Abstract
Fibers that harvest mechanical energy via the triboelectric effect are excellent candidates as power sources for wearable electronics and functional textiles. Thus far however, their fabrication remains complex, and exhibited performances are below the state-of-the-art of 2D planar configurations, making them impractical. Here, we demonstrate the scalable fabrication of micro-structured stretchable triboelectric fibers with efficiencies on par with planar systems. We use the thermal drawing process to fabricate advanced elastomer fibers that combine a micro-textured surface with the integration of several liquid metal electrodes.
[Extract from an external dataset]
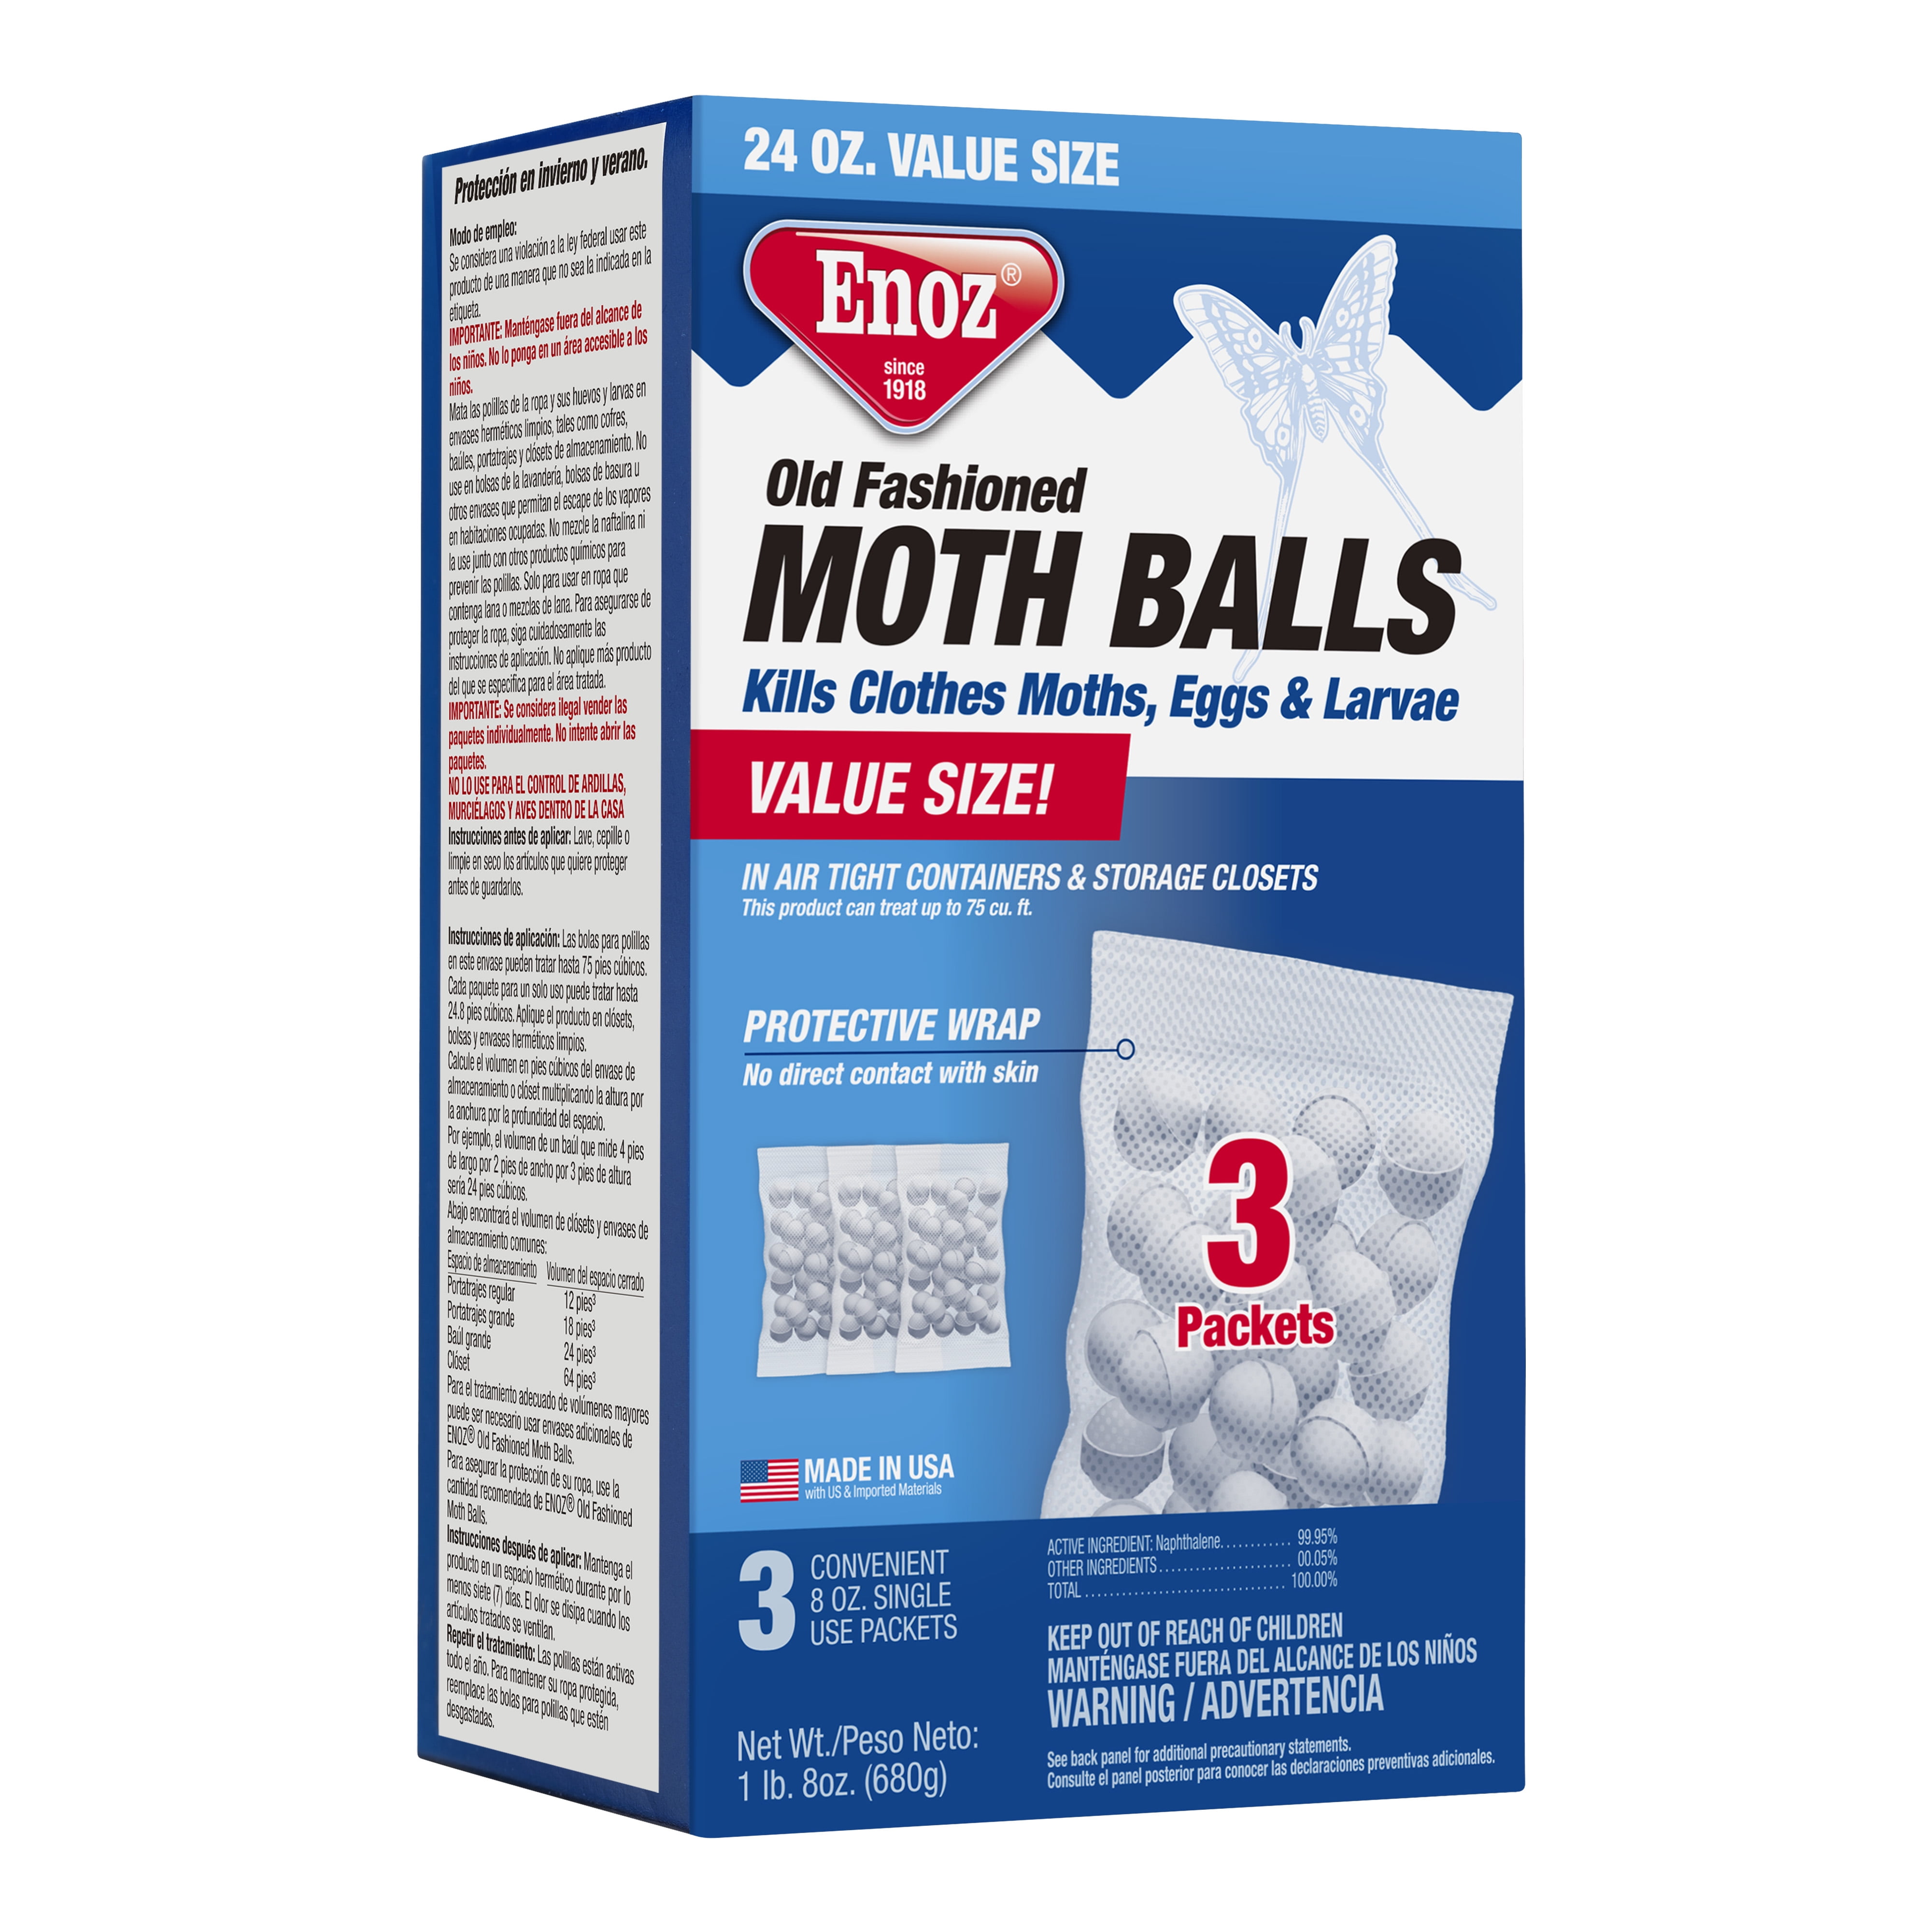 Moth Balls, 2 Pk

Such fibers exhibit high electrical outputs regardless of repeated large deformations, and can sustain strains up to 560%. They can also be woven into deformable machine-washable textiles with high electrical outputs up to 490 V, 175 nC. In addition to energy harvesting, we demonstrate self-powered breathing monitoring and gesture sensing capabilities, making this triboelectric fiber platform an exciting avenue for multi-functional wearable systems and smart textiles.
Highlights
Fibers that harvest mechanical energy via the triboelectric effect are excellent candidates as power sources for wearable electronics and functional textiles
We demonstrate the fabrication of potentially kilometerlong microstructured triboelectric nanogenerators (TENGs) fibers with advanced cross-sectional architectures integrating multiple liquid metal electrodes and a micrometer-scale surface texture
The working principle of a TENG system with a single electrode surrounded by an insulating cladding is based on the combination of contact-electrification and electrostatic-induction effects[32]
Summary
Fibers that harvest mechanical energy via the triboelectric effect are excellent candidates as power sources for wearable electronics and functional textiles. We report the design and scalable fabrication of liquid metal-based microstructured stretchable TENG fibers and textiles with performance comparable with state-of-the-art planar configurations. We demonstrate the fabrication of potentially kilometerlong microstructured TENG fibers with advanced cross-sectional architectures integrating multiple liquid metal electrodes and a micrometer-scale surface texture.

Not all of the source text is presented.